A total of 615 patients were screened and 504 were randomised and received at least one dose of study medication (figure 1). The pre-specified per-protocol efficacy population included 489 patients; 15 (3.0%) were excluded for critical protocol violations, which included not having at least one post-baseline efficacy assessment that allowed for ACR20 calculation; one patient also had very low treatment compliance (41%). In all, 444 (88.1%) patients completed week 24.

Figure 1

Patient disposition through week 24.

Baseline demographics, disease characteristics and prior or concurrent therapy were comparable across treatment groups (table 1). In addition, these were generally consistent in the subgroup of biologic-experienced patients. As would be expected, relative to the overall population, patients with biologic experience tended to have a longer duration of both PsA and psoriasis, a greater proportion had baseline psoriasis body surface area ≥3%, and a lower proportion were taking concomitant DMARDs at baseline. At baseline, 327 (64.9%) patients were taking DMARDs, of whom 273 (83.5%) were taking methotrexate; 119 (23.6%) had prior biologic exposure, and 47 (9.3%) were considered biologic therapeutic failures.

Table 1

Baseline demographics and clinical characteristics: intent-to-treat population (N=504*)


At week 16, significantly more patients receiving apremilast 20 mg BID (51/163 (31.3%); p=0.0140) and 30 mg BID (64/161 (39.8%); p=0.0001) achieved an ACR20 response versus placebo (32/165 (19.4%); figure 2A). The intent-to-treat analysis, which included all patients who were randomised as specified in the protocol, demonstrated consistent results (placebo, 32/168 (19.0%); apremilast 20 mg BID, 51/168 (30.4%), p=0.0166; apremilast 30 mg BID, 64/168 (38.1%), p=0.0001). Efficacy was demonstrated across patients with varying treatment experience. Biologic-naïve patients generally experienced higher absolute ACR20 response rates compared with biologic-experienced patients and patients with a history of biologic failure (figure 2B). In general, a dose-related effect was observed with higher ACR20 response rates achieved in those receiving apremilast 30 mg BID versus 20 mg BID, although statistical comparison was not conducted.

Figure 2

Proportion of patients achieving 20% improvement in modified American College of Rheumatology (ACR20) response criteria at week 16. (A) The proportion of patients achieving an ACR20 response at week 16 (primary efficacy endpoint). (B) The proportion of patients achieving an ACR20 response by biologic experience. The per-protocol population (n=489) was analysed using non-responder imputation for missing data; last-observation-carried-forward (LOCF) methodology was used for sensitivity analyses. Error bars represent SE. *p<0.02; †p<0.007; ‡p<0.001.
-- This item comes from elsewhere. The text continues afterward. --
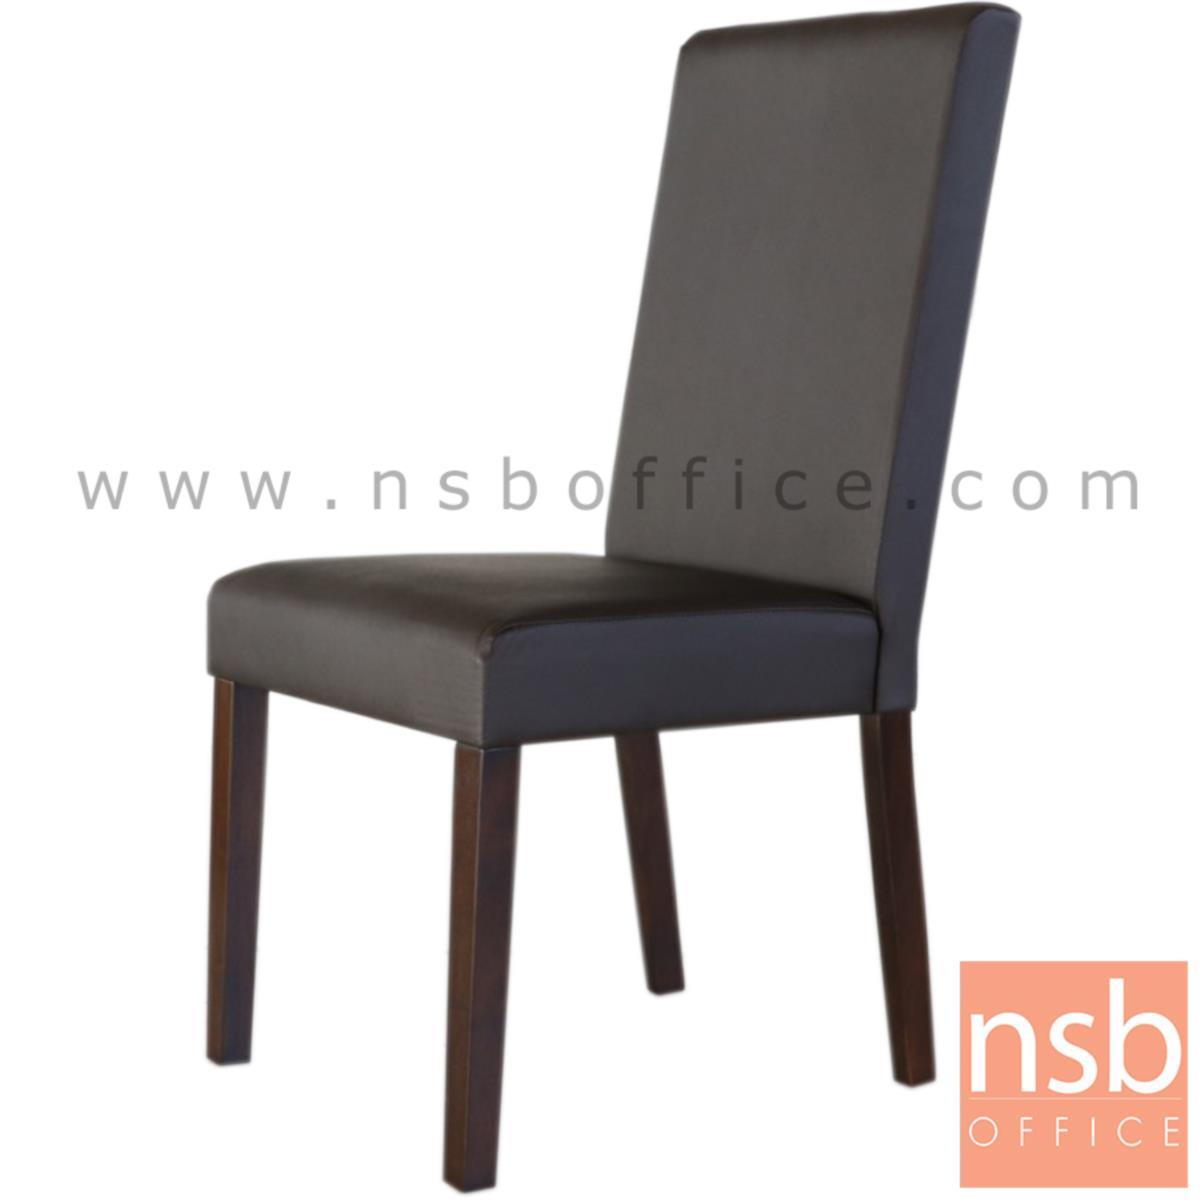 B22A167:เก้าอี้ไม้หุ้มหนัง PU รุ่น VIOLET (ไวโอเลต)  ขาไม้

Secondary efficacy measures

Week 16 values for baseline clinical characteristics are presented in online supplementary table S2. At week 16, apremilast was associated with significantly greater reductions (improvements) in HAQ-DI compared with placebo (key secondary endpoint). The mean (SE) changes from baseline were −0.09 (0.04) (placebo), −0.20 (0.04) (apremilast 20 mg BID; p=0.0252 vs placebo), and −0.25 (0.04) (apremilast 30 mg BID; p=0.0015 vs placebo). The intent-to-treat analysis demonstrated consistent results (placebo: −0.09 (0.04); apremilast 20 mg BID: −0.20 (0.04) (p=0.0252); apremilast 30 mg BID: −0.24 (0.04) (p=0.0017)). At week 16, a significantly greater proportion of patients receiving apremilast 30 mg BID achieved minimal clinically important differences (MCID) of ≥0.13 and ≥0.30 on the HAQ-DI compared with placebo; differences between apremilast 20 mg BID and placebo did not reach statistical significance. MCID≥0.13 was achieved by 38.8% (placebo), 44.8% (apremilast 20 mg BID), and 50.3% (apremilast 30 mg BID; p=0.0334 vs placebo) of patients. MCID≥0.30 was achieved by 27.3% (placebo), 33.7% (apremilast 20 mg BID) and 39.8% (apremilast 30 mg BID, p=0.0149 vs placebo) of patients.
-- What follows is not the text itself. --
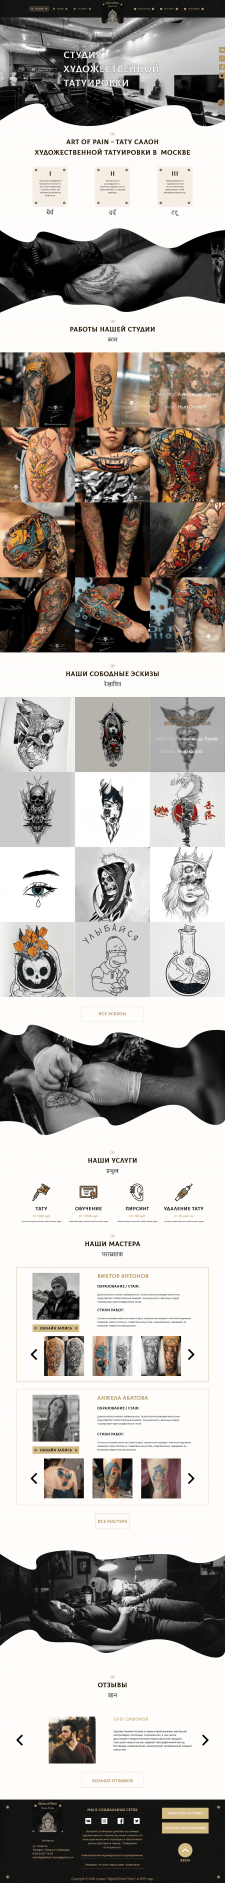 Queen of pain — дизайн сайта

Table 2 summarises the effects of apremilast on additional efficacy measures at week 24. A significantly greater proportion of patients receiving apremilast 20 mg BID and 30 mg BID achieved ACR20, ACR50 and ACR70 versus placebo; these response rates were maintained in the active treatment groups. An ACR20 response of 45.3% was observed at week 24 in patients treated with apremilast 30 mg BID independent of their response at week 16. A statistically significant improvement in physical function was observed with apremilast, as measured by changes from baseline in HAQ-DI score and the 36-Item Short-Form Health Survey v2 Physical Functioning domain score. Significant improvements in most ACR component scores, particularly swollen and tender joint counts and patient assessment of pain, were also observed (table 2).

Table 2

Secondary outcomes at week 24: per-protocol population (n=489*)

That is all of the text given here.